What happened: China’s antitrust watchdog, the State Administration of Market Regulation, announced a one-of-first-of-it’s-kind antitrust probe into the country’s biggest tech giant, Alibaba.
Why: This move comes because of Alibaba’s tactic of choosing which clients to promote on its online commerce platforms.
Choosing one of two: Alibaba forces business and merchants to list their products only on its online stores, Taobao and Tmall.
- There’s no explicit penalty if they list it on rival platforms. But owners who do so see a significant drop in sales and traffic. Some even see their product removed.
- SCMP, an Alibaba-owned publication says: “Legally, it is not well defined whether a platform such as Alibaba has the right to determine which clients it serves”

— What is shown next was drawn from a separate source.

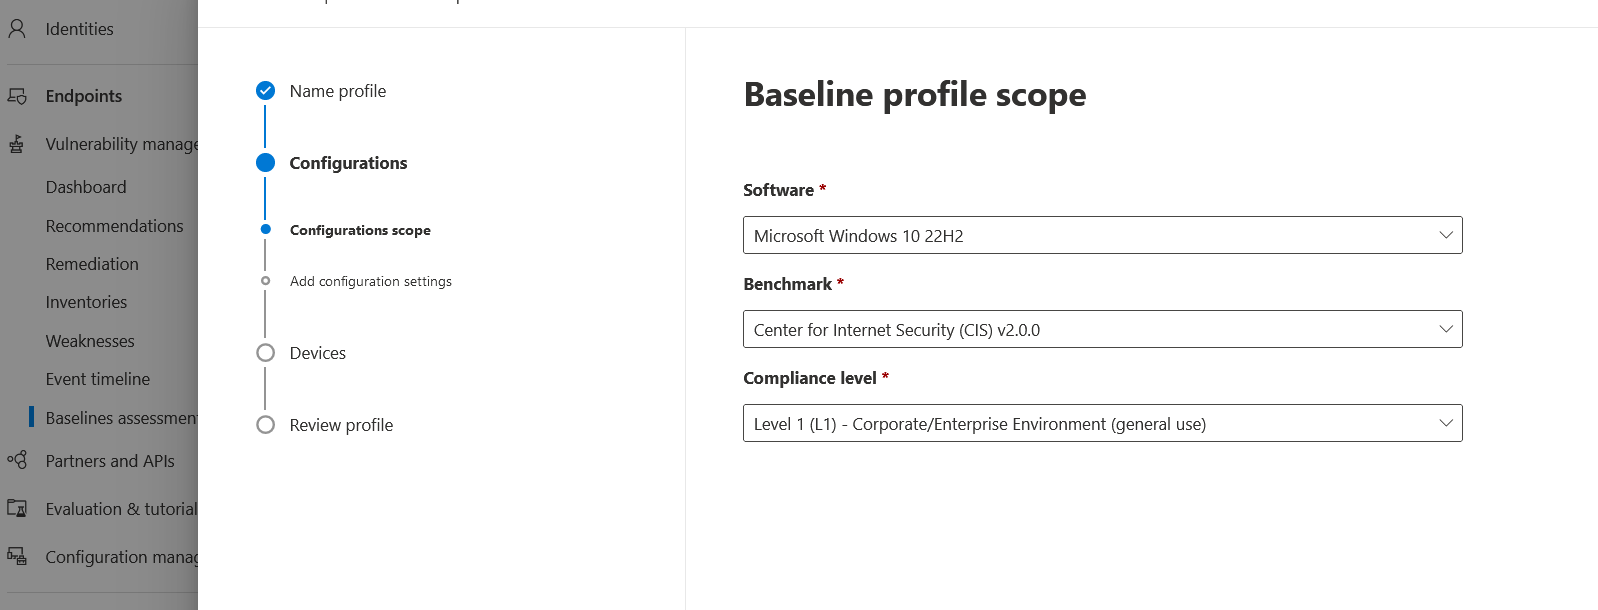 baseline profile scope pic

Similar cases: Chinese authorities have fined local partners of food delivery platforms Meituan and Ele.me for forcing restaurants to choose between the two apps.
It’s not the first complaint: JD.com, China’s second-largest e-store, sued Alibaba’s Tmall in 2017 for abusing its market dominance for monopolistic behaviour. Later some more Tmall-rivals like Pinduoduo and Vipshop joined in. The court is yet to make a ruling, says SCMP
The government: China’s communist party-owned People’s Daily said in an editorial: “Antitrust has become an urgent issue concerning [China’s] overall situation”
Outcome: “In a worst-case scenario, Alibaba could be a fined up to 10 per cent of its previous year’s sales,” says Scott Yu, an antitrust expert.
- Paul Haswell says that there could be restrictions on Alibaba’s business practices or, very unlikely, breaking up of the company.